Of course, someone must have said that I updated it in the default way, and after the update, SQL became more optimized or something.

Update the statistics of an index through update statistics TableName StatisticName

Or update statistics TableName updates the statistics of the whole table

In this case, it is often possible to do this on a small table. Of course, there is no standard value for a large table or a small table. Everything should be explained in combination with the facts.

The following begins the topic of this article:

Abstract and simplify an actual case in the business, create such a table, similar to the order and order schedule (master child table)

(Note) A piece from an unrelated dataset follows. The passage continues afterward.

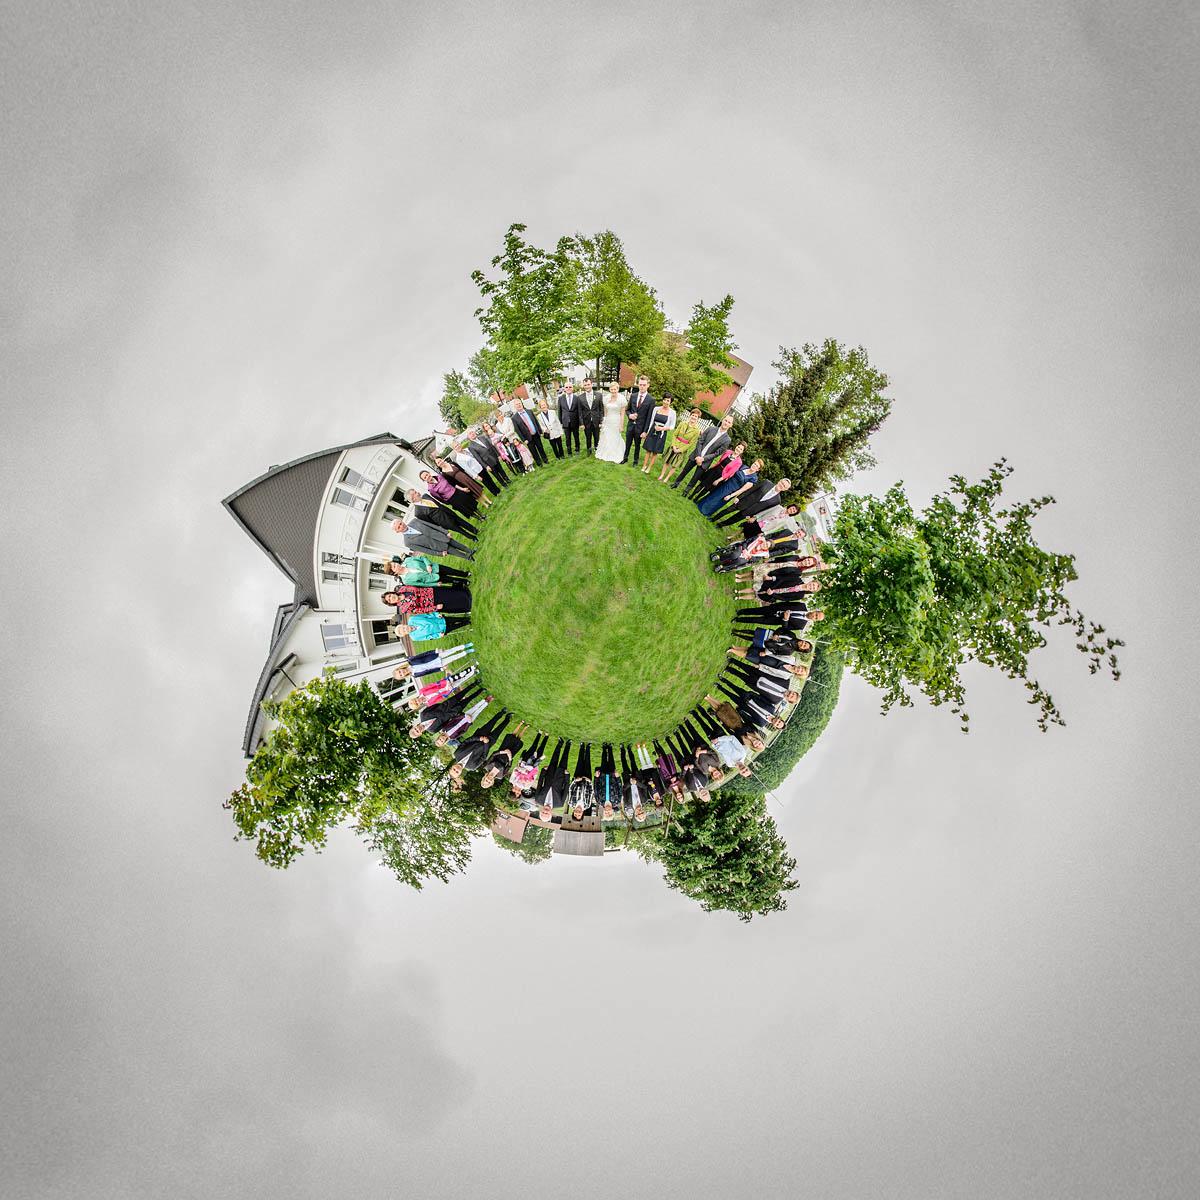 Gruppenfoto - kleine Welt

Here you can imagine that it is a child table of an order table. The Id field is unique, and there is a ParentID field that is not unique.

ParentID is similar to the Id of the main table. The test data is inserted according to the rule that 50 bars of a main table Id indicate fineness.

CREATE TABLE [dbo]. [TestStaitisticsSample] ([Id] [int] IDENTITY (1) NOT NULL, [ParentId] [int] NULL, [OtherColumn] [varchar] (50) NULL) declare @ I int=0while (@ I)

Welcome to subscribe "Shulou Technology Information " to get latest news, interesting things and hot topics in the IT industry, and controls the hottest and latest Internet news, technology news and IT industry trends.

*The comments in the above article only represent the author's personal views and do not represent the views and positions of this website. If you have more insights, please feel free to contribute and share.